§ About this exercise
Please write out the listing exactly, leaving each picture out.

§ Data
════════

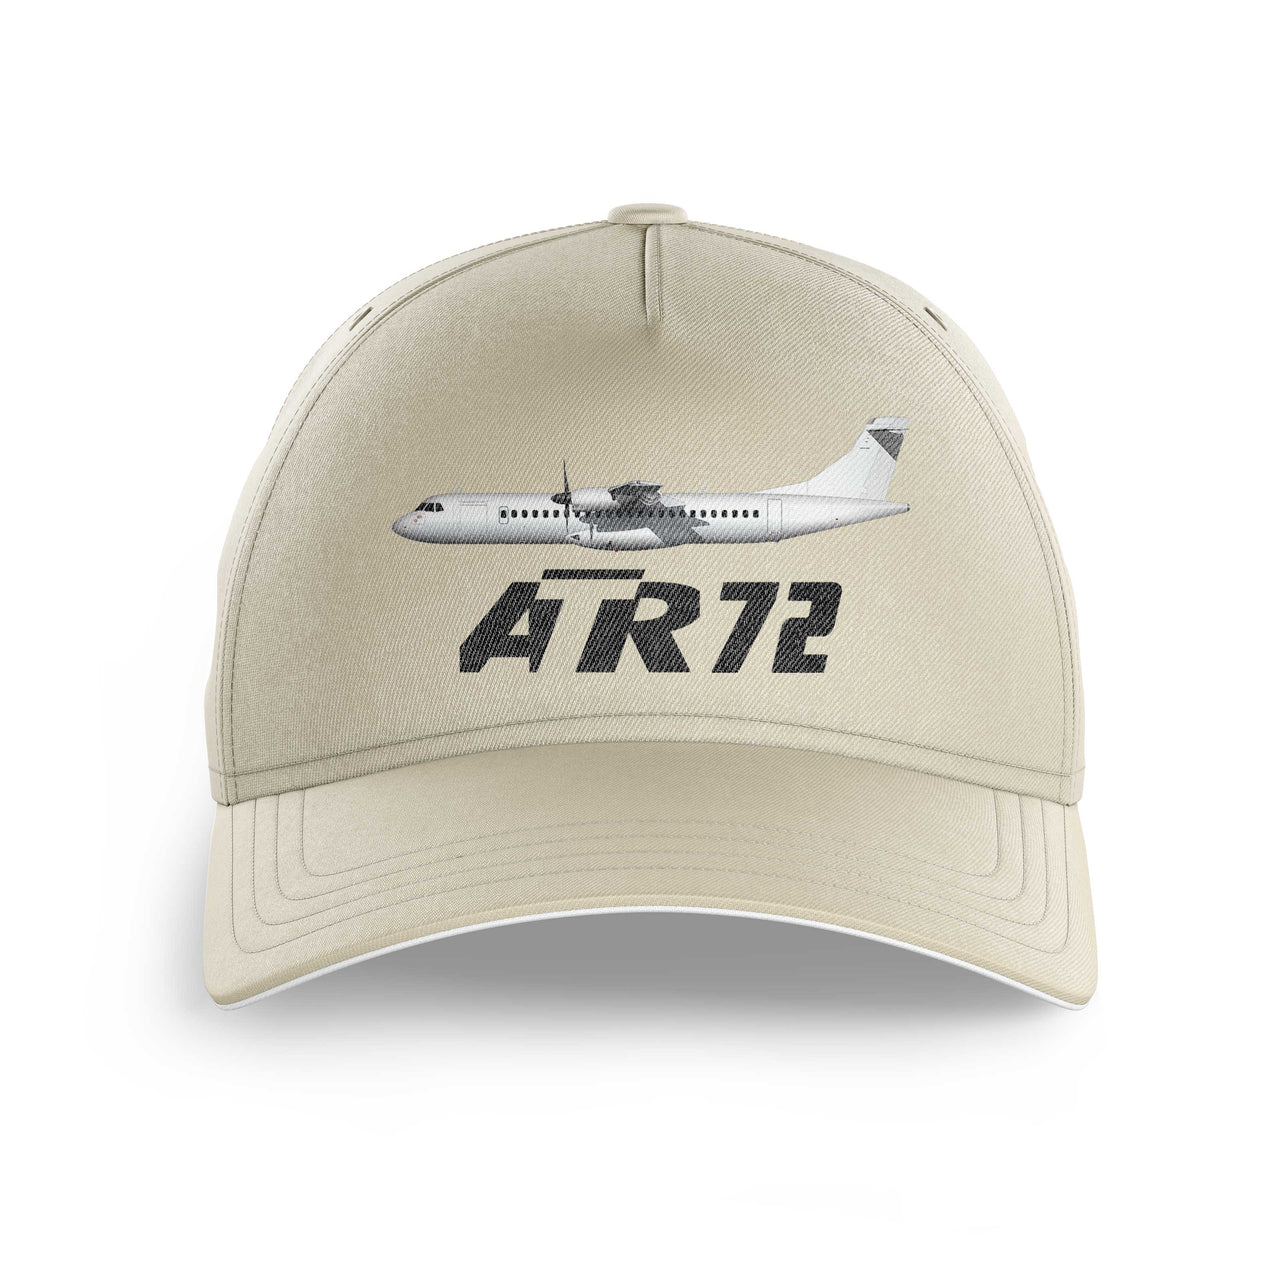 The ATR72 Printed Hats
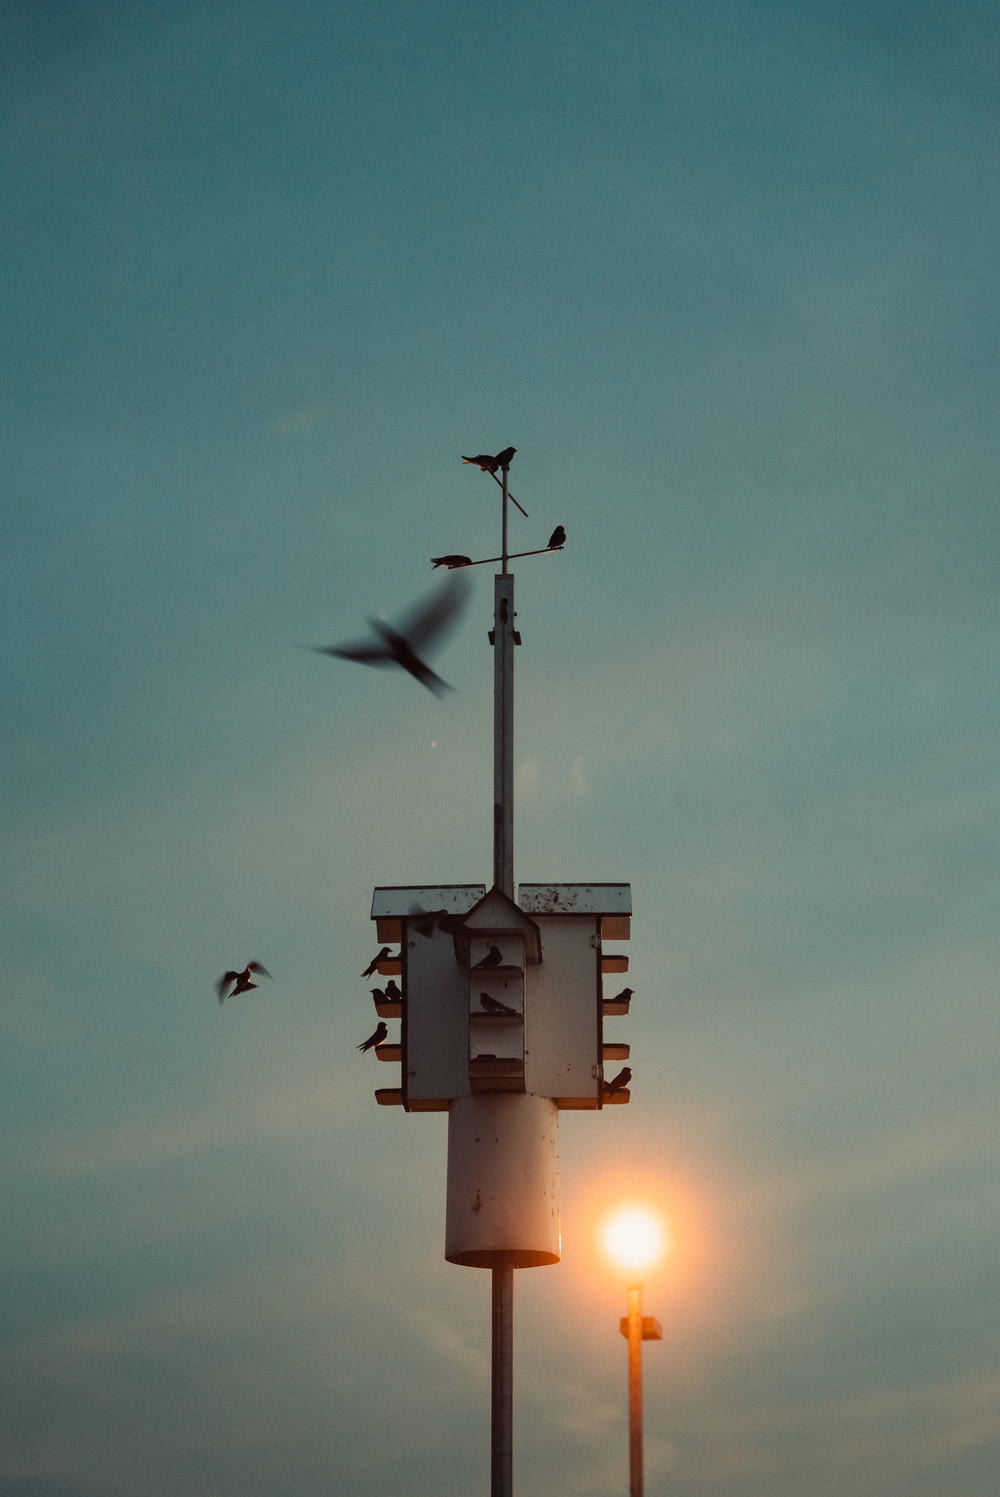 a flock of birds flying over a light pole
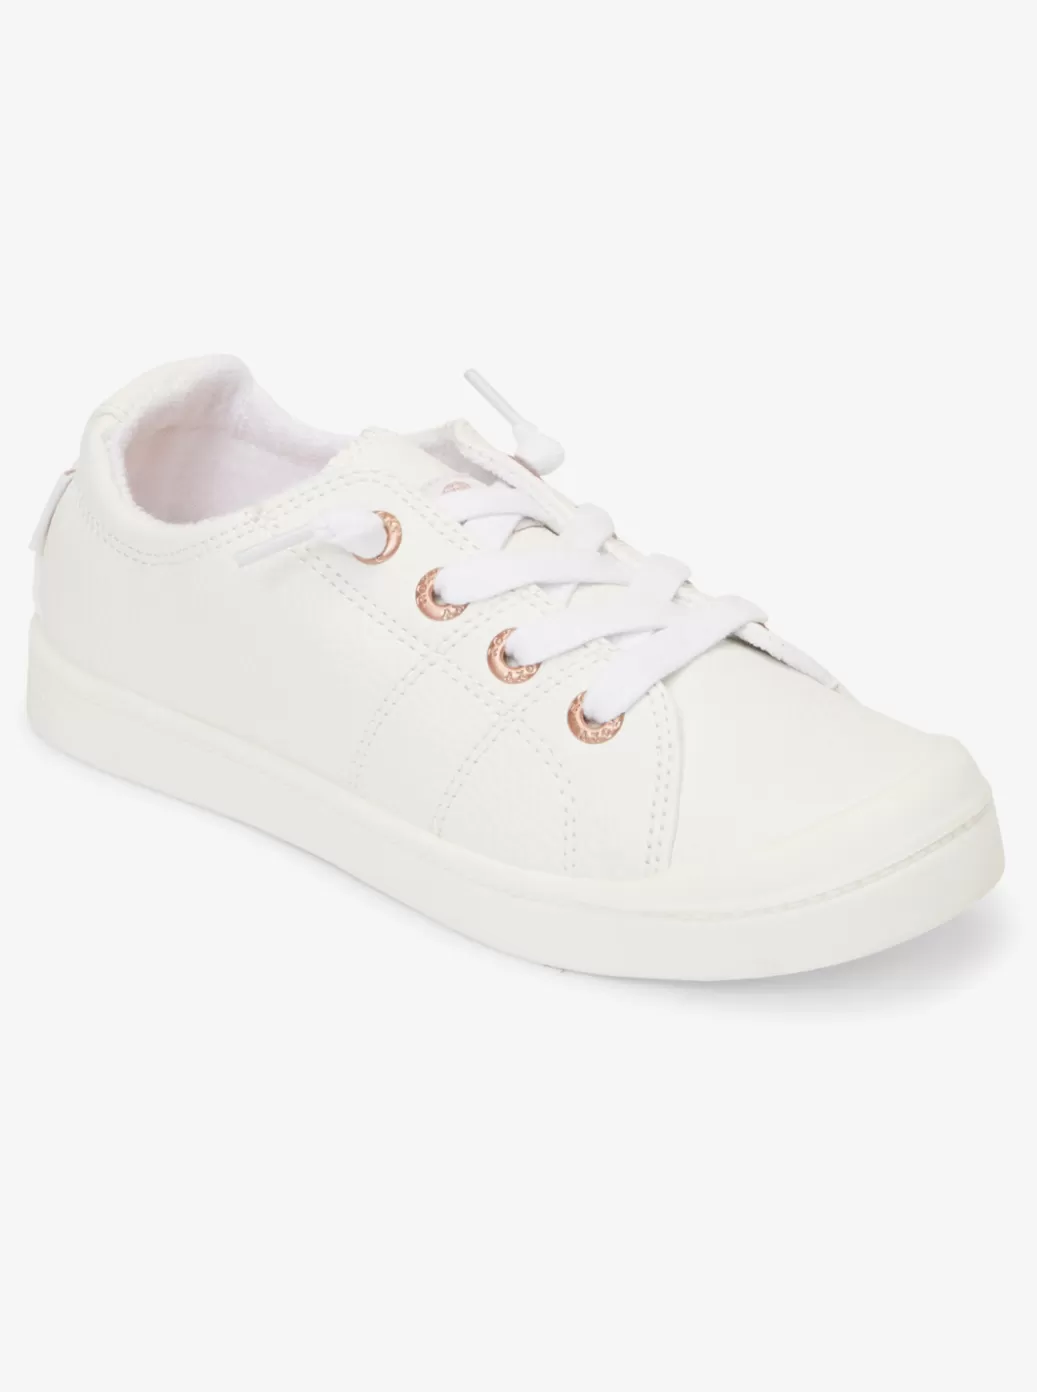 Shoes & Sandals | KIDS ROXY Girl's 4-16 Bayshore Plus Slip-On Shoes White/white
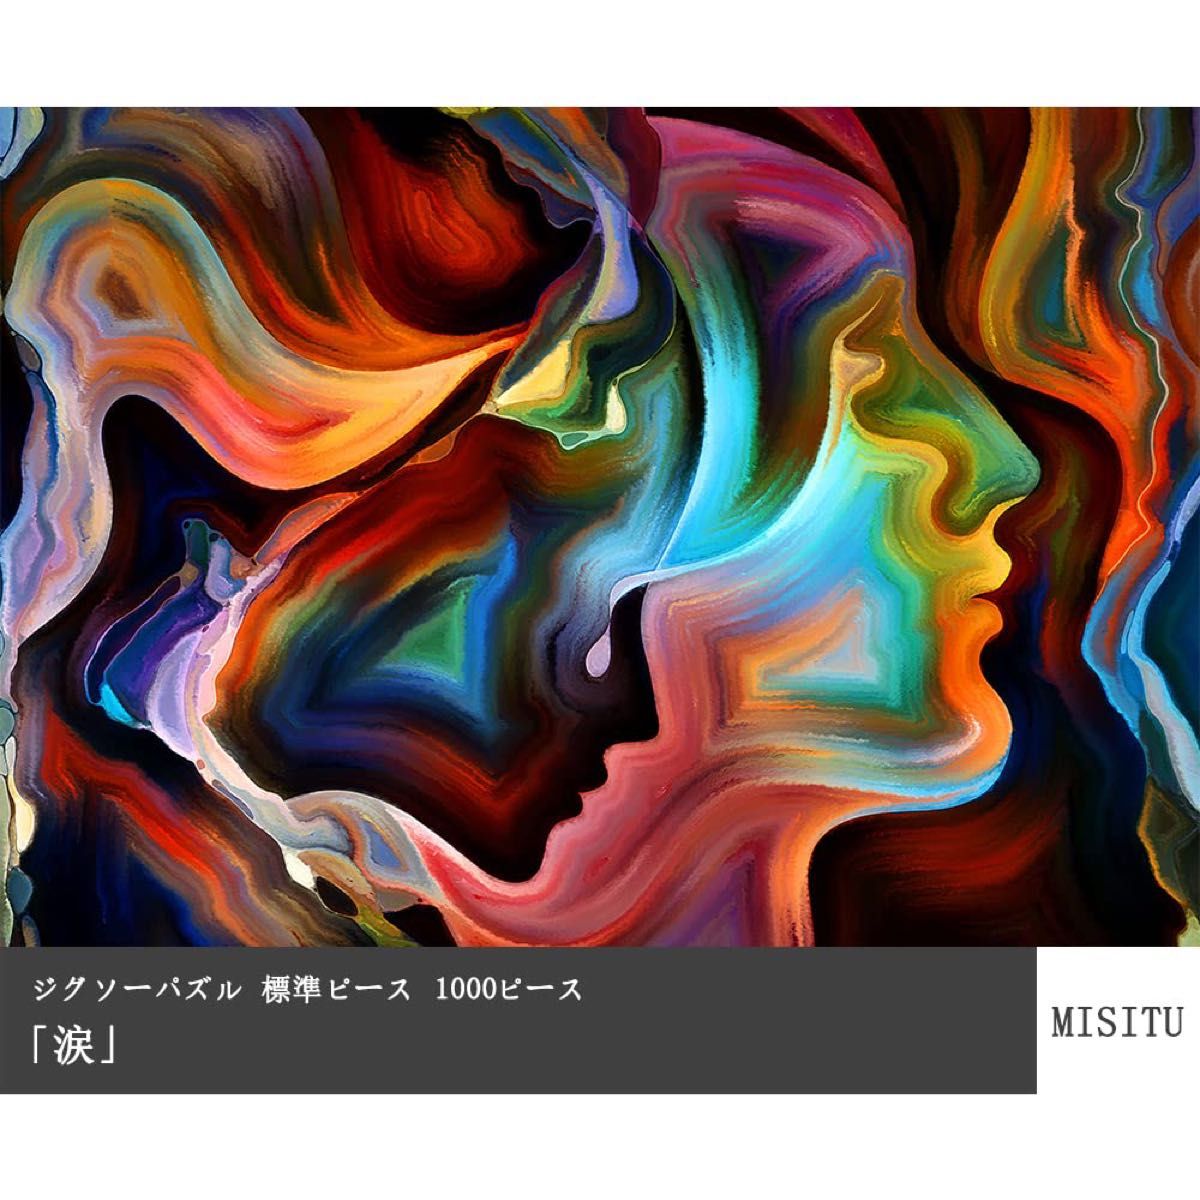 MISITU ジグソーパズル 1000ピース パズル 絵画 アート 50×70

════════

§ Answer section
 The ATR72 Printed Hats
 a flock of birds flying over a light pole
 Shoes & Sandals | KIDS ROXY Girl's 4-16 Bayshore Plus Slip-On Shoes White/white
 MISITU ジグソーパズル 1000ピース パズル 絵画 アート 50×70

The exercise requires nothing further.